There are more young people in the world than ever before, creating unprecedented opportunities for global growth, innovation and creative advancement.

To fully realise these opportunities, young people must be well-represented in decision-making processes and structures. Societies that focus policy development and resource investment on creating positive outcomes for children and young people enjoy substantial benefits over the longer term.

However, in most countries, including young people in decision-making is not yet the norm. Issues that frequently arise as priorities for young people are often poorly-understood, represented and funded by those with formal decision-making authority. These typically include: access to high-quality education and training; employment opportunities; technology and access to information; addressing hunger and poverty; health and well-being, including mental and sexual health; and, sports, culture and leisure activities.

Globally, young women face additional challenges accessing resources and opportunities.
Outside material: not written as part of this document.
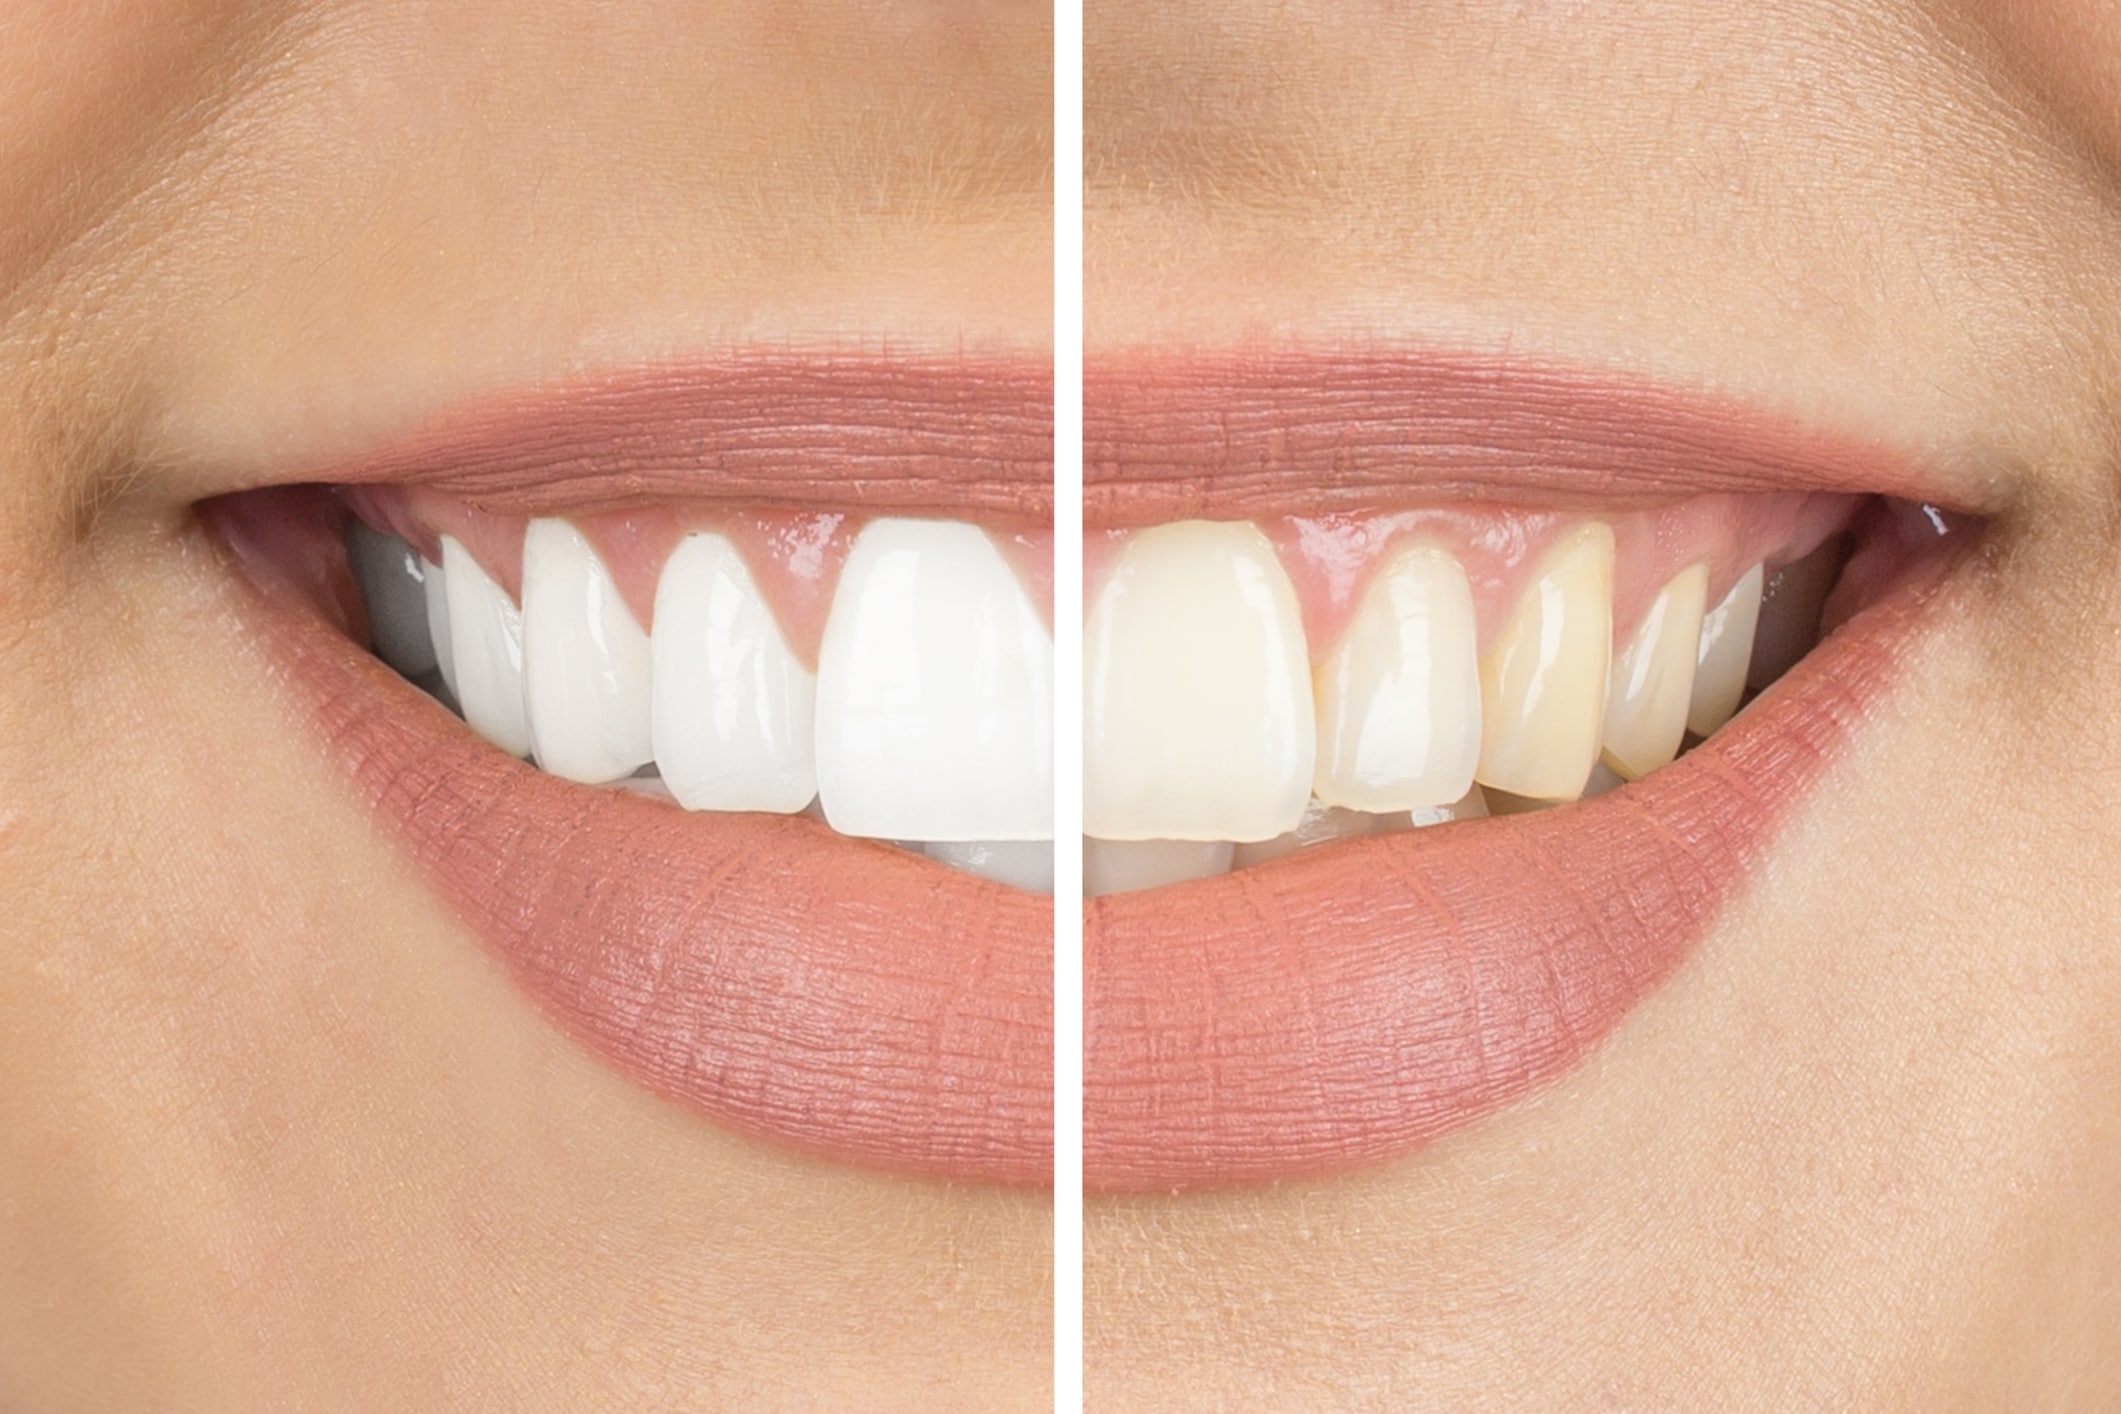 A before and after of a woman's mouth that underwent a teeth whitening procedure

In addition to facing disadvantages in employment and income equality, young women are at higher risk of early marriage and early pregnancy, which frequently come with the lifetime penalties of poverty and poor health.
These challenges are further compounded for young people with disabilities, those coming from rural or more isolated areas, those who are lesbian, gay, bisexual, transgender or intersex, those from ethnic, linguistic or religious minority communities and, most particularly, those living in poverty.

WFD has worked to support the role of young people in politics and civic leadership through parliamentary youth caucuses, youth-focused civil society organisations and forums, youth manifestos and electoral debates, and mobilisation efforts targeting young people as voters.

In recognition of the importance of inclusion of the growing global youth population, WFD is currently in the process of developing new tools and approaches to support young people’s participation and leadership. This effort starts with the Commonwealth, where more than 60% of the population is aged 29 or under. Consultations and conversations on what these might look like will begin with four regional engagements with young people throughout the Commonwealth in 2018-19. These will inform the types of assistance WFD develops in the immediate term to support individuals and institutions to enhance, expand and increase the impact of young people in decision-making.